DATA:
******

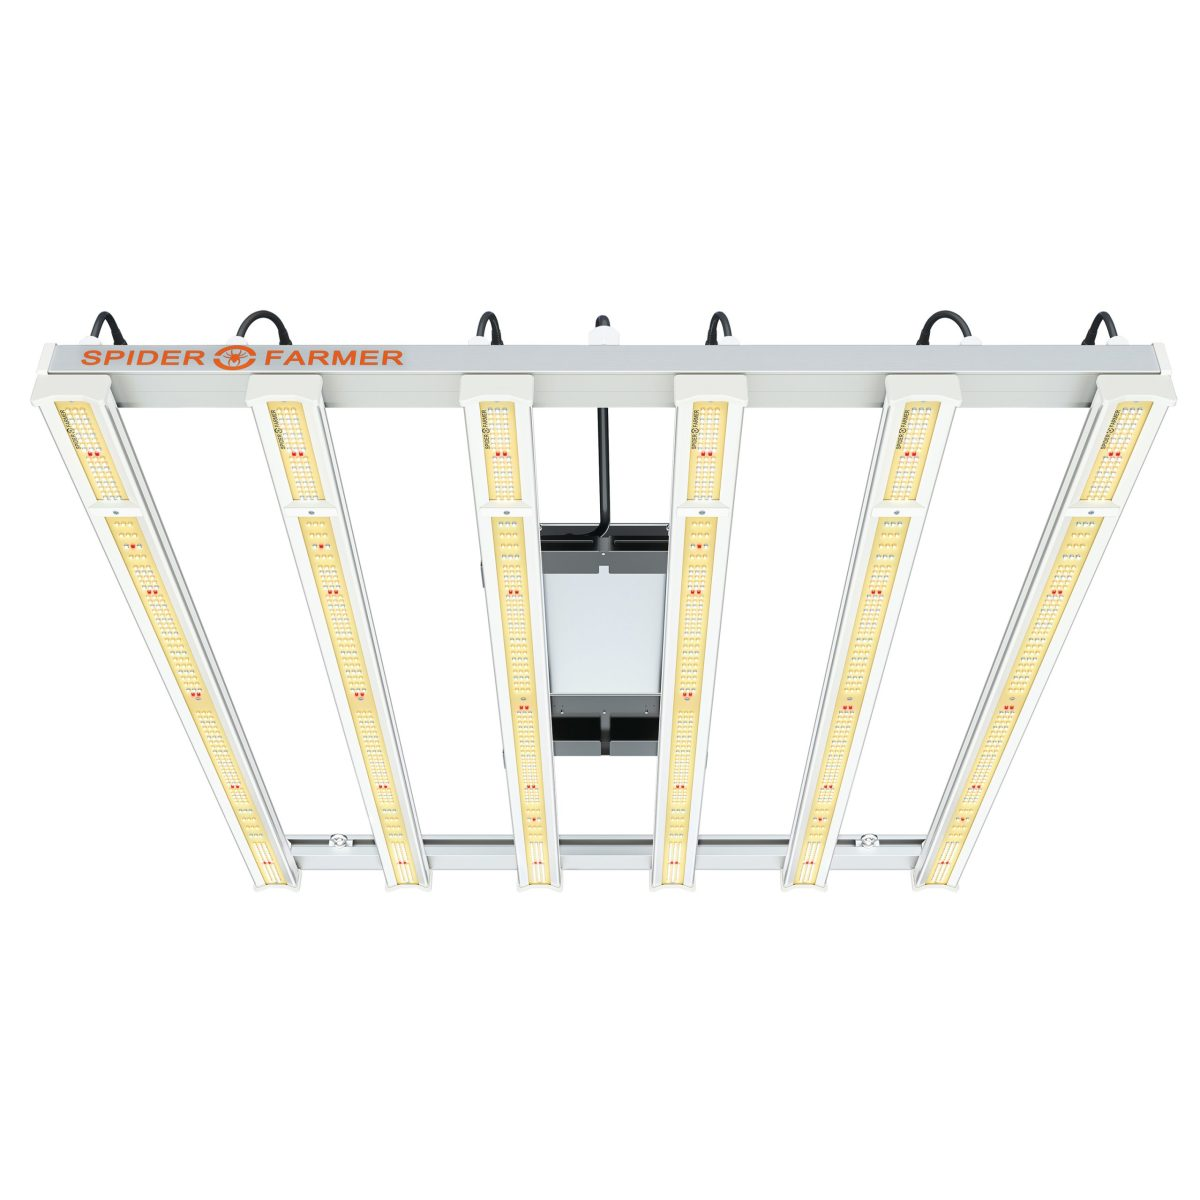 SE5000 led grow light
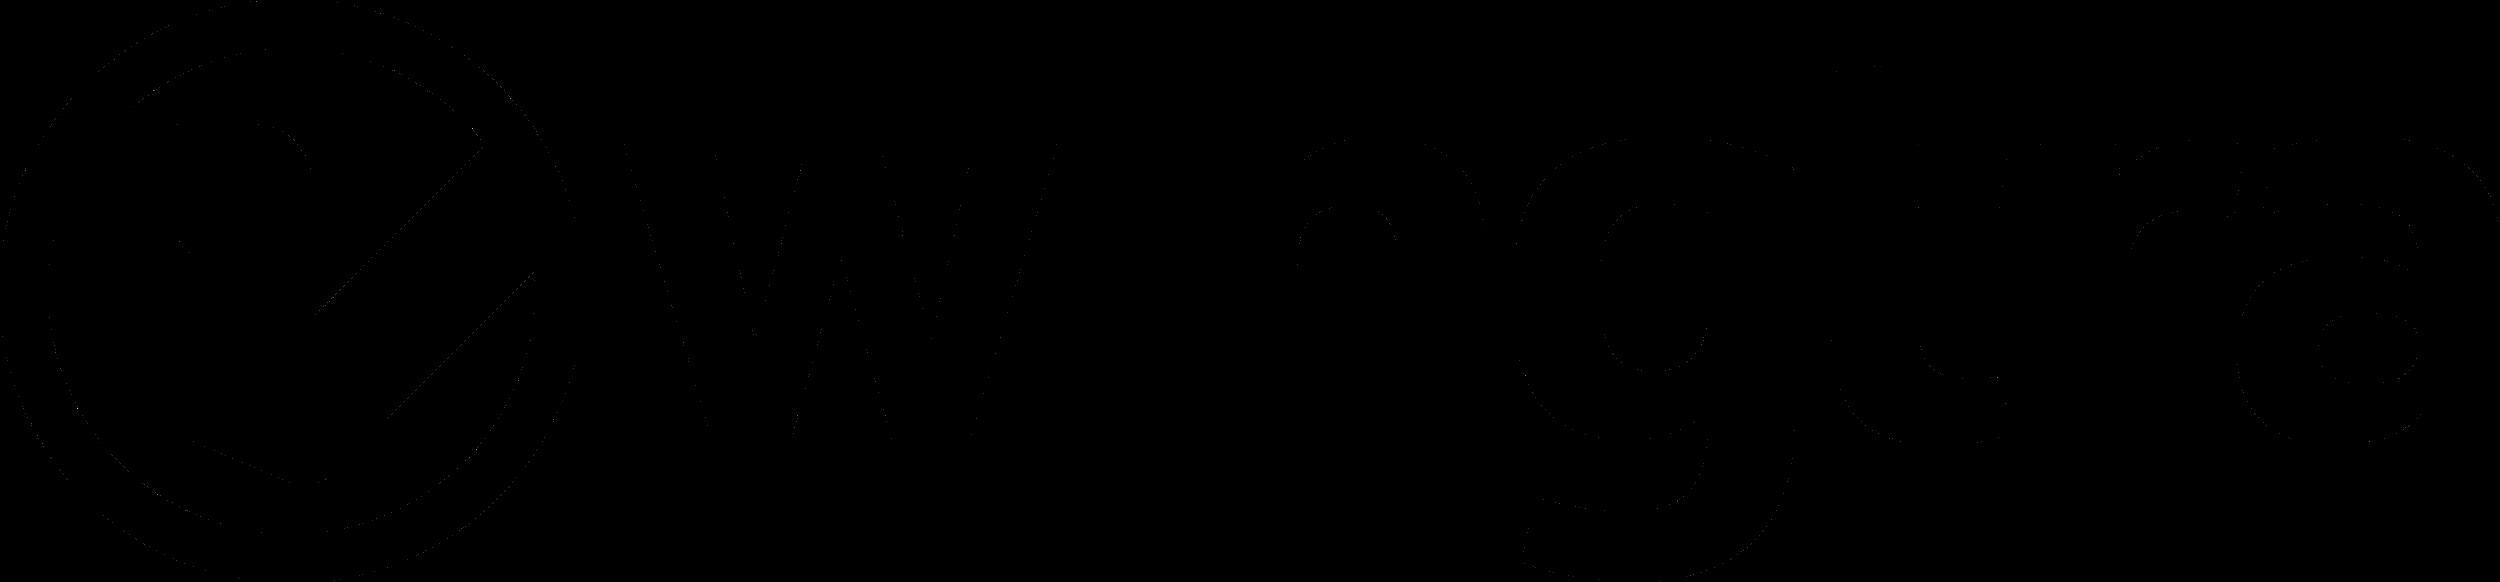 wingtra
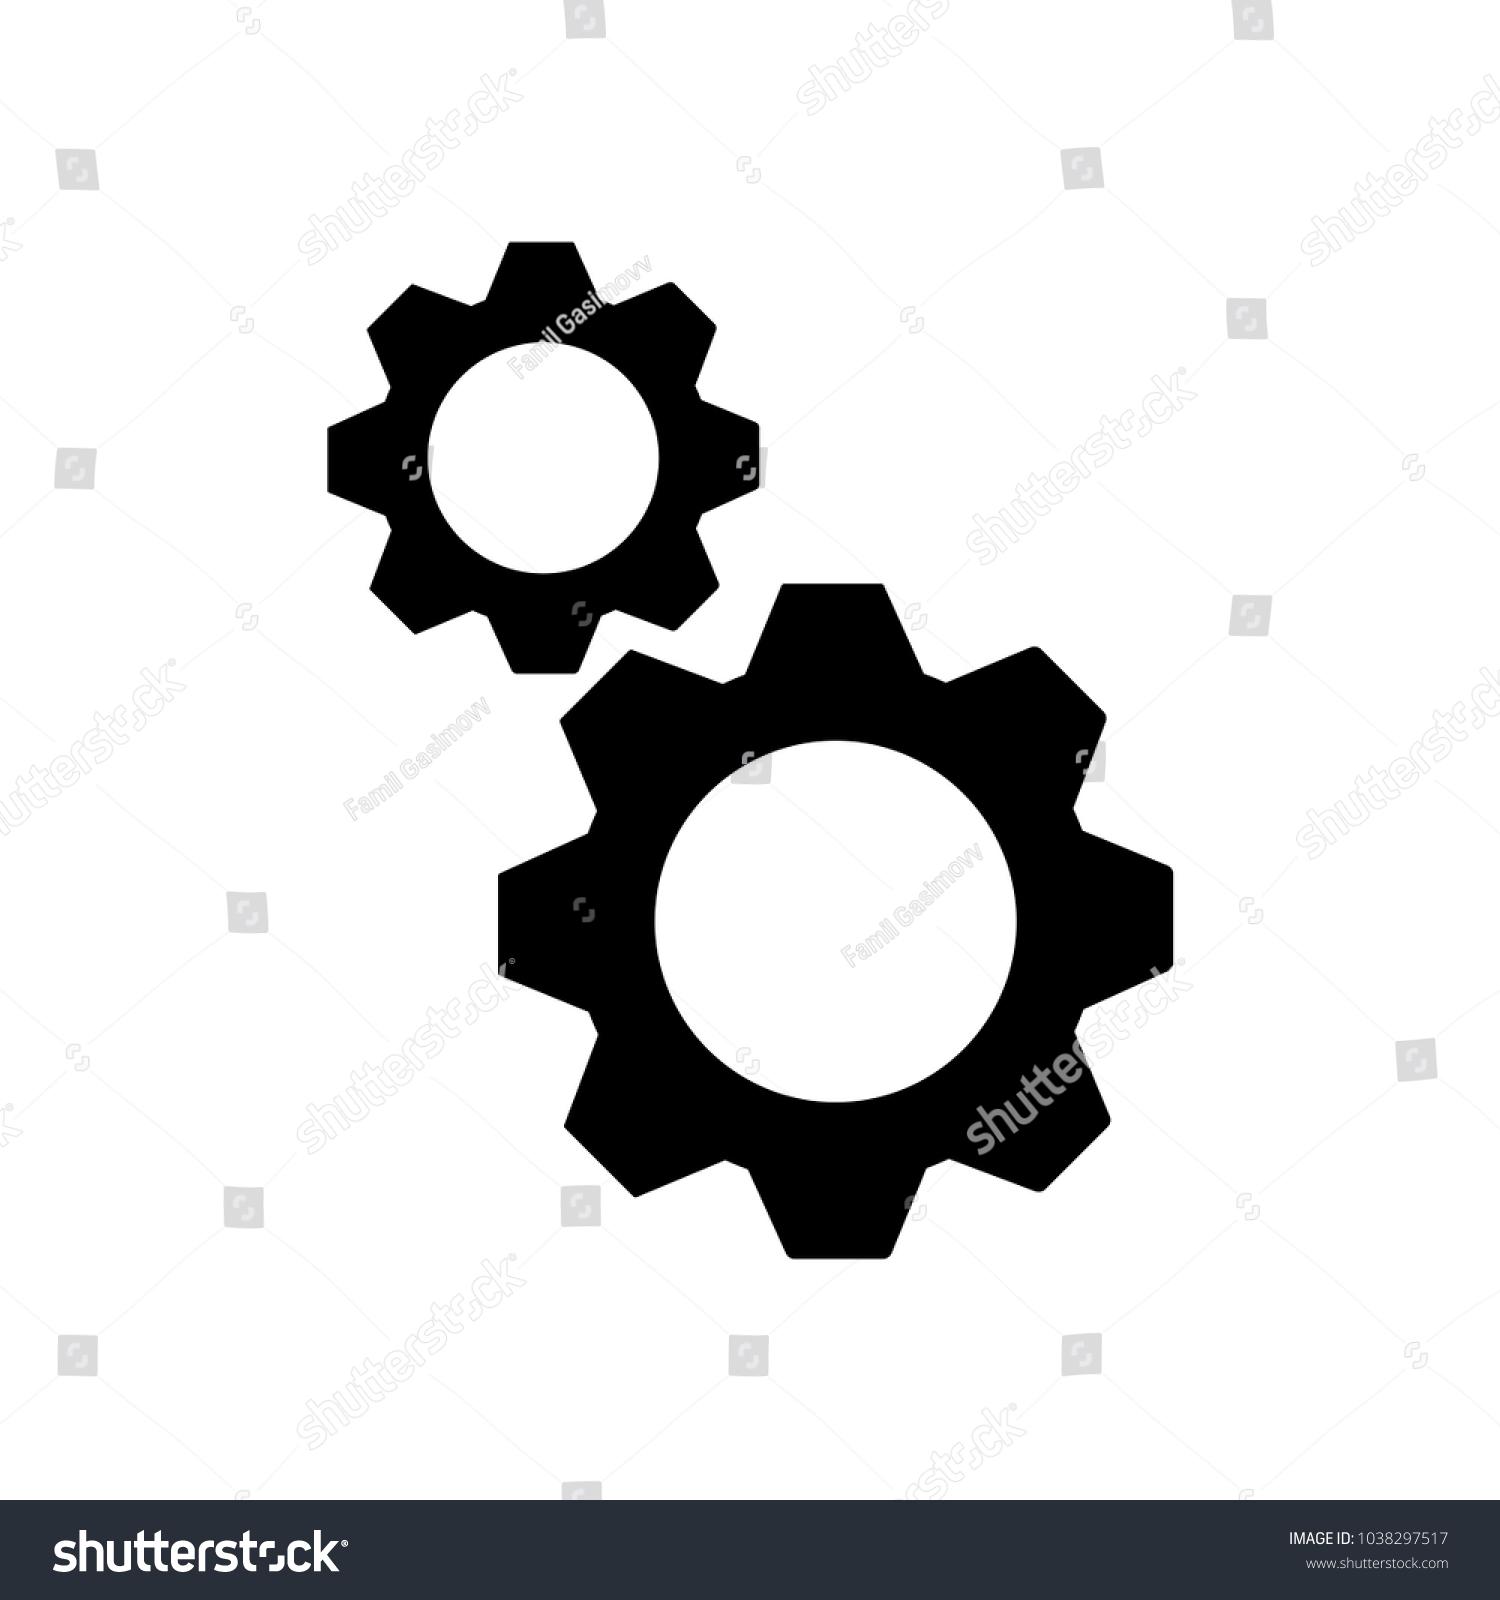 Gearcog Icon Coghwheelseo Vector Engineengineering Symbol Stock

******

TASK INSTRUCTIONS:
Could you repeat all of the material exactly? Pictures should not be copied.

RESPONSE AREA:
 SE5000 led grow light
 wingtra
 Gearcog Icon Coghwheelseo Vector Engineengineering Symbol Stock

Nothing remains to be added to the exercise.